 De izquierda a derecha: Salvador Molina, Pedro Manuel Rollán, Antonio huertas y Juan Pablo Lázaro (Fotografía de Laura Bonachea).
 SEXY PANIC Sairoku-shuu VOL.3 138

***

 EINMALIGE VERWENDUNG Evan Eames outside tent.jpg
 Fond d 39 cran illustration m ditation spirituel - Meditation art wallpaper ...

***

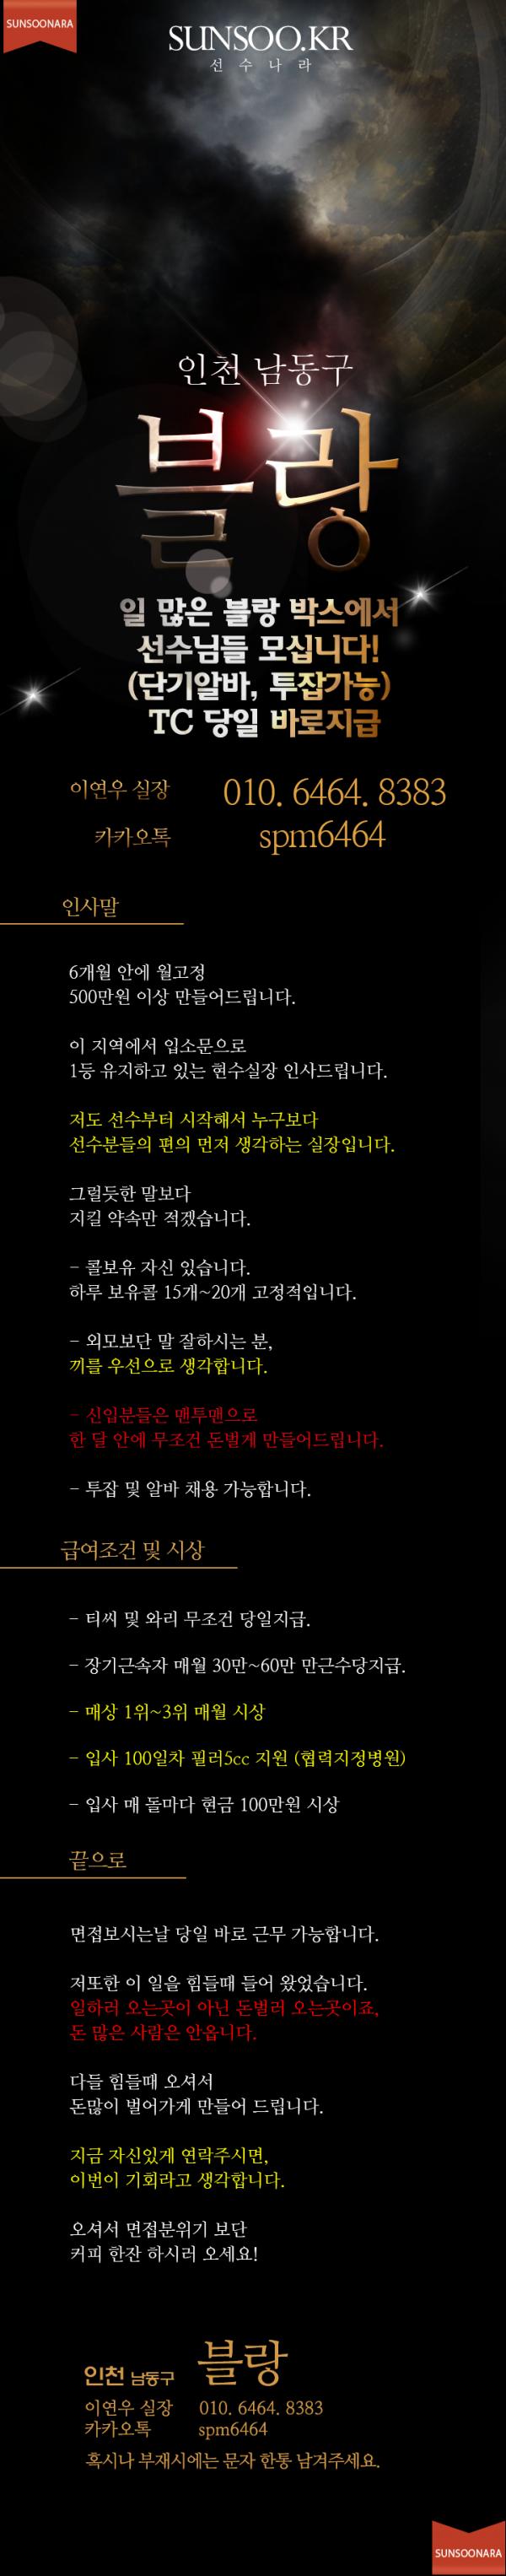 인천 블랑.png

***

• _Required action_: All that is wanted is an exact copy of the lines above from the one with "De izquierda a" through the one with "SEXY PANIC Sairoku-shuu VOL.3 138", with both ends included.

• _Result for this task_:
 De izquierda a derecha: Salvador Molina, Pedro Manuel Rollán, Antonio huertas y Juan Pablo Lázaro (Fotografía de Laura Bonachea).
 SEXY PANIC Sairoku-shuu VOL.3 138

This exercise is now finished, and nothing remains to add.